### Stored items
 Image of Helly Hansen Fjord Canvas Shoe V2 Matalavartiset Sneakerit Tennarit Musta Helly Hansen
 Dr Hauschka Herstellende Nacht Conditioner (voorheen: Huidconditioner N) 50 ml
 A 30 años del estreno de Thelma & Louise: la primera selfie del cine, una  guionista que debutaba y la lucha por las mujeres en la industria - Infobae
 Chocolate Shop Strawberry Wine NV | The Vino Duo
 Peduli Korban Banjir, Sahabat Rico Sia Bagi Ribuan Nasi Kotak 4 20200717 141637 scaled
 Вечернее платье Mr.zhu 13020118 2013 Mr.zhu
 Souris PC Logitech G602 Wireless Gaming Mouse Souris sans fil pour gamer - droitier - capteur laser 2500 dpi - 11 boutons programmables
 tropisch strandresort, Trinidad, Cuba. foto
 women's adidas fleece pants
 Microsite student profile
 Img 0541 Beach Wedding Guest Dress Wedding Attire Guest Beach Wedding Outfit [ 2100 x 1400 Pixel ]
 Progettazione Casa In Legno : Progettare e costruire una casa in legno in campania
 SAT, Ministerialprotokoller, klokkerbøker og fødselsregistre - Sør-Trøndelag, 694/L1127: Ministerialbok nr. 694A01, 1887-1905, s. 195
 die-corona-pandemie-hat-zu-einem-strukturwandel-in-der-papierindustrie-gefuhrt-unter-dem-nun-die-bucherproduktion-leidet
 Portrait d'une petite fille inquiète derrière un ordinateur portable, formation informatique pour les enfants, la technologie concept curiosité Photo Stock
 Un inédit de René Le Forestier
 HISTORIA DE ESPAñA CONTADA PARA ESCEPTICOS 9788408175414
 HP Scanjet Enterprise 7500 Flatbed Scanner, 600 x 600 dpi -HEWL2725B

### What is expected
How many lines in the data contain "pour"? Answer with the number alone.

### Problem solution
2